In my experience the notion of a 'static' image which provides the sort
of footprint and startup improvements that Graal has shown to be
possible while still retaining the dynamic load/link capabilities that
the JVM provides (i.e. discarding the closed world assumption) appears
to reside in the same ontological category as the King of France or the
unicorn horn. Indeed, I suspect it may even be a square, round cupola.

Graal derives almost all of its space/time reductions relative to the
dynamic JVM from being able to discard great swathes of class metadata
and class initialization. A closed world assumption is critical to the
validity and comprehensive applicability of both those dietary regimes.

Under that assumption almost all of the details of the loaded class base
are simply not needed at runtime. All decisions which depend on what
classes are present and how they are structured are baked in at compile
time. A great deal of initialization code and resulting static data can
be compressed out of VM startup by performing the necessary init at
build-time and embedding only the (runtime-) referenced static field
values and objects in a pre-populated heap, some of that data read-only,
some of it read-write. n.b. that's just as much an option for app data
as it is for JDK data. With a dynamic runtime it is much harder to
determine 1) whether or not a static field might be referenced and
(worse) 2) whether it's value might get computed differently from the
value derivable at build-time, due to intermediate loading of dynamic code.

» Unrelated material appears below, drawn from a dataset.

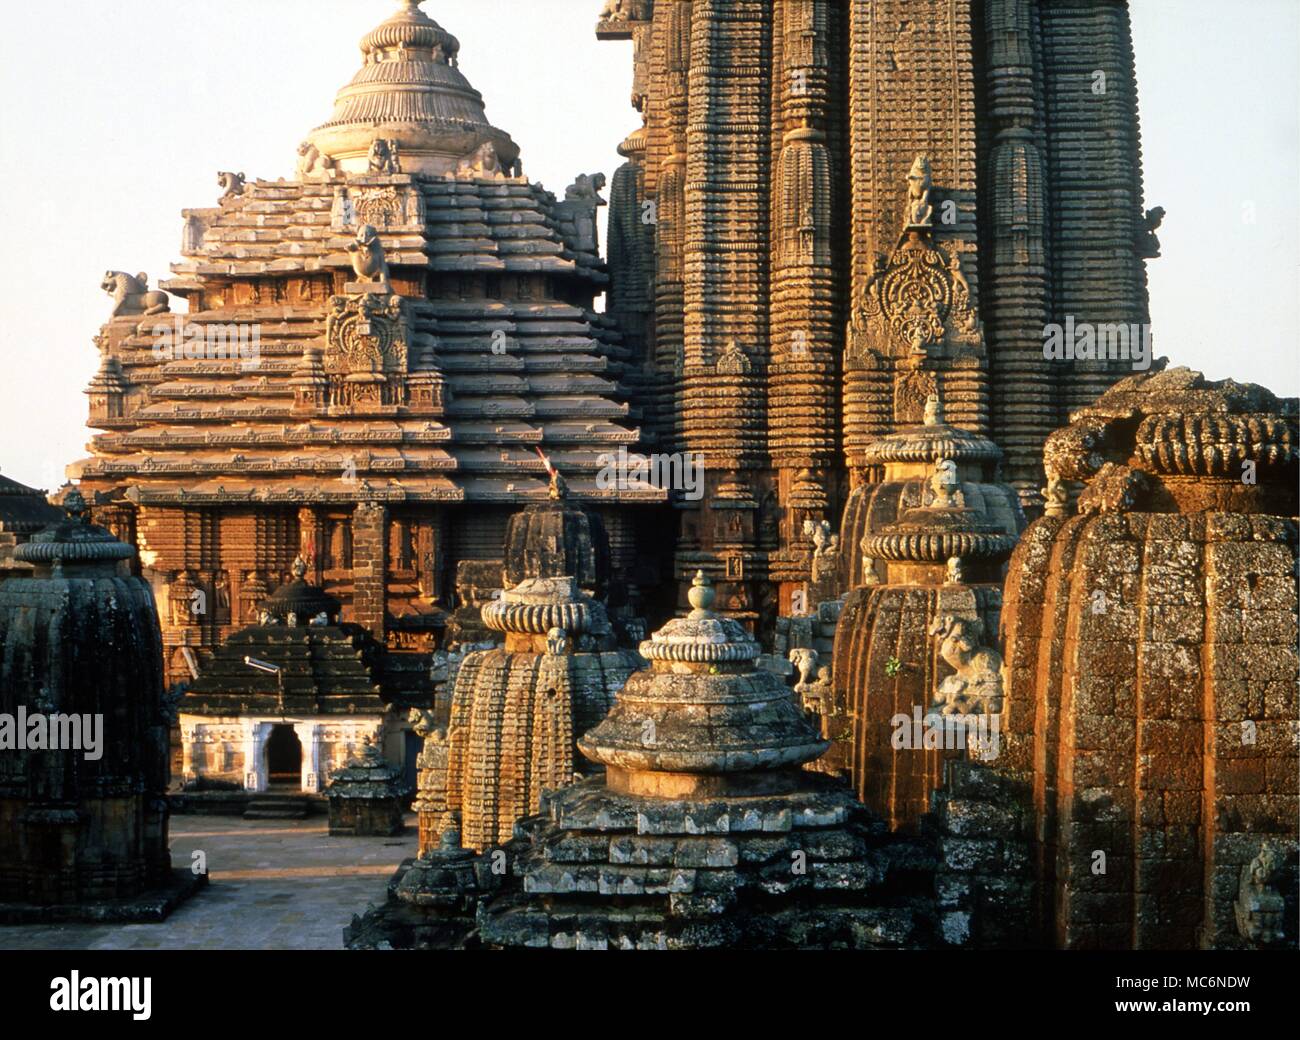 Lingaraj temple, bhubaneswar hi-res stock photography and images - Alamy

The Graal 'static' image compiler also contributes significantly to
improvement of image code size and speed when compared to the OpenJDK
AOT compiler (also, at present, the Graal compiler in a very different
configuration). The former can almost always employ direct linkage, the
latter has to use copious amounts of indirection to allow for later
update to the class base.

The Graal 'static' image compiler obviously cannot rely on runtime
feedback to improve code performance but neither can an OpenJDK AOT
compiler when generating the initial AOT code. However, the former
compiler can profit from the closed world assumption to perform a few
AOT optimizations that can only be performed speculatively on OpenJDK if
dynamic loading is to be allowed. Not all such speculative opportunities
are currently taken, mainly because not all application classes are
normally included in the compiled AppCDS suite.

Of course, if OpenJDK AOT implemented a more comprehensive reachability
analysis then it might be able to embrace many of the same speculative
optimization opportunities over a more full, known application class
suite. However, it would still need to employ more metadata and a more
indirect linkage model in order to allow for dynamic loading.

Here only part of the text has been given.